Truth is I have a personal walk with God. It grew so much stronger after I left my previous small town pentecostal mindset.  A mindset where everyone is bad but those who look, walk, and act like us. I’ve seen it kill churches, kill families, kill relationships, stir hate, things not of the God I serve.

To be a christian means to be like Christ. We hear we must let him shine through us. That means exactly that. It does not mean beat your bible, your pick and choose version of verses, and your standards over the head of those you deem “not christian enough”. It means to serve, love, and treat the prostitute and the politician as complete equals in all aspects of your love and respect.
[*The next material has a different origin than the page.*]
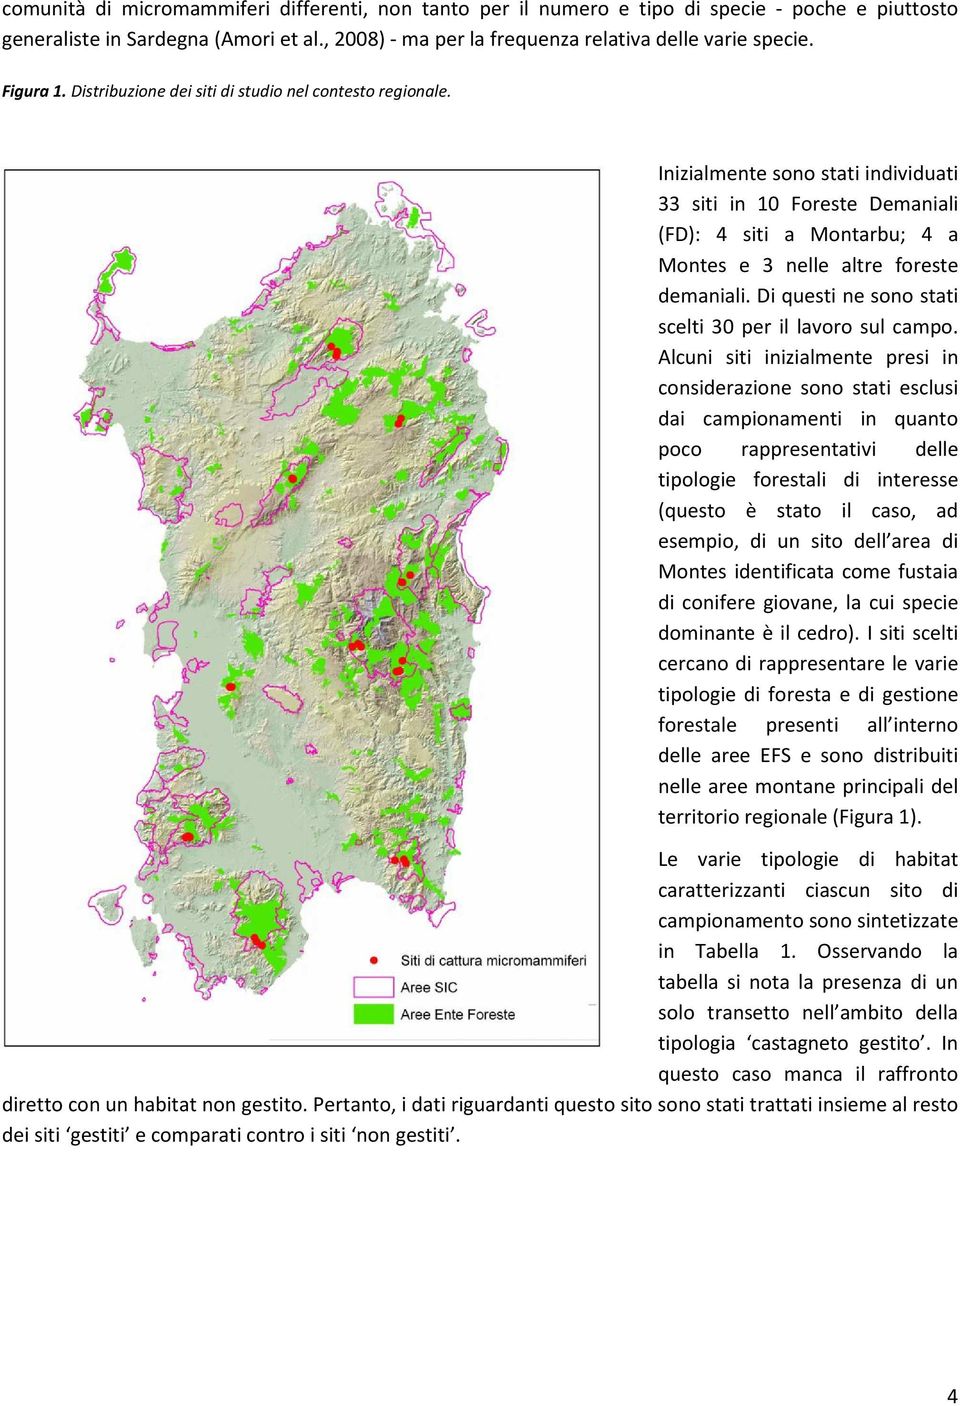 Inizialmente sono stati individuati 33 siti in 10 Foreste Demaniali (FD): 4 siti a Montarbu; 4 a Montes e 3 nelle altre foreste demaniali. Di questi ne sono stati scelti 30 per il lavoro sul campo.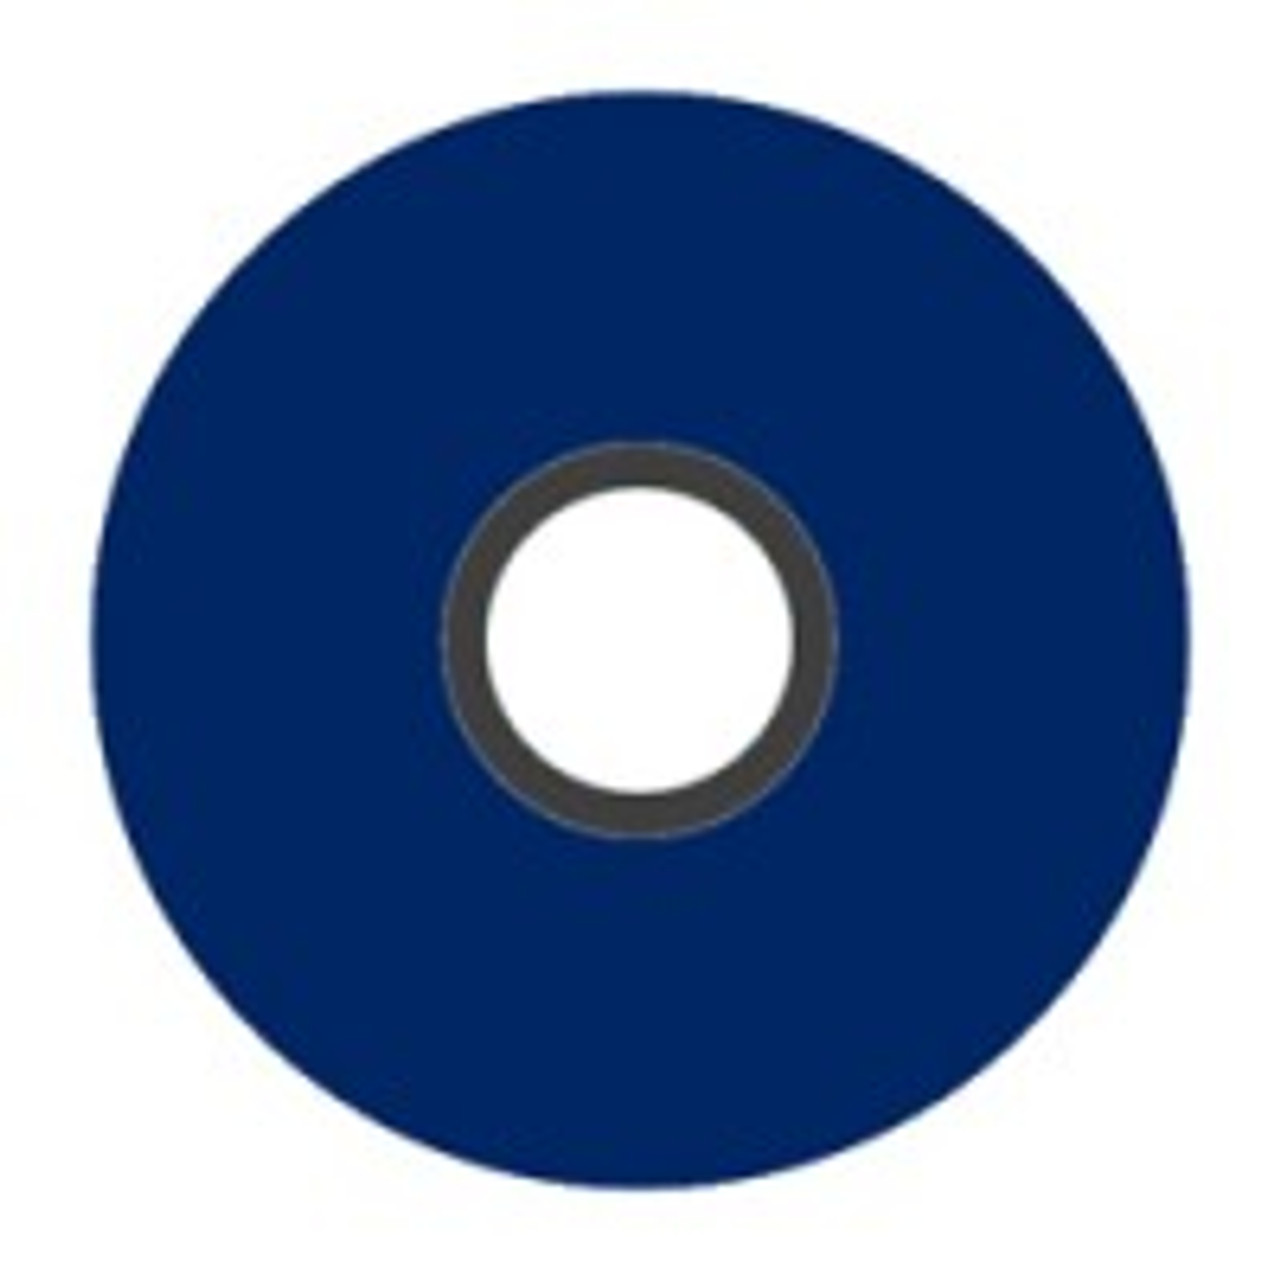 Magna-Glide 'M' Bobbins, Jar of 10, 30281 Blue Berry

The congregation at the Pentecostals of Lee Road has shown me that I have to break the stereotype I was taught as a child that pentecost is an exclusive religion. I can not be embarrassed to tell people my religion for fear they would think I believed myself better than them. I CAN still feel welcome in a house of God where you truly feel his presence. I can worship freely without being “attacked” by well-meaning christians seeking to ‘pray me through’ because simply lifting my hands means I suddenly feel the need to change my entire life.

This goes for all of you. Baptist, Catholic, Presbyterian, Pentecostal, Non Denominational. Treat your visitors like your members. Don’t drag them to a service in guilt. You are not better than anyone. Show kindness, show equality, and let God handle the rest. Standard is not what will save your soul. Following your convictions will and God can handle those just fine.  If your church is full of perfect examples of your beliefes then it’s not a place where I want to be. It is obviously not a place of growth, but a place of routine.

I do not currently have a home church, but after the exemplary example set by the people of POLR, me and my boys belive we have found exactly where to start.

I am also happy to hear, that church I grew up in, the one full of backwards looks and “with us or against us” mentality, is learning. I hear it is growing once again after decades of being held together by a thread. People are catching on, love is spreading, and I hope to continue to hear good come from that little Light House on HWY 4.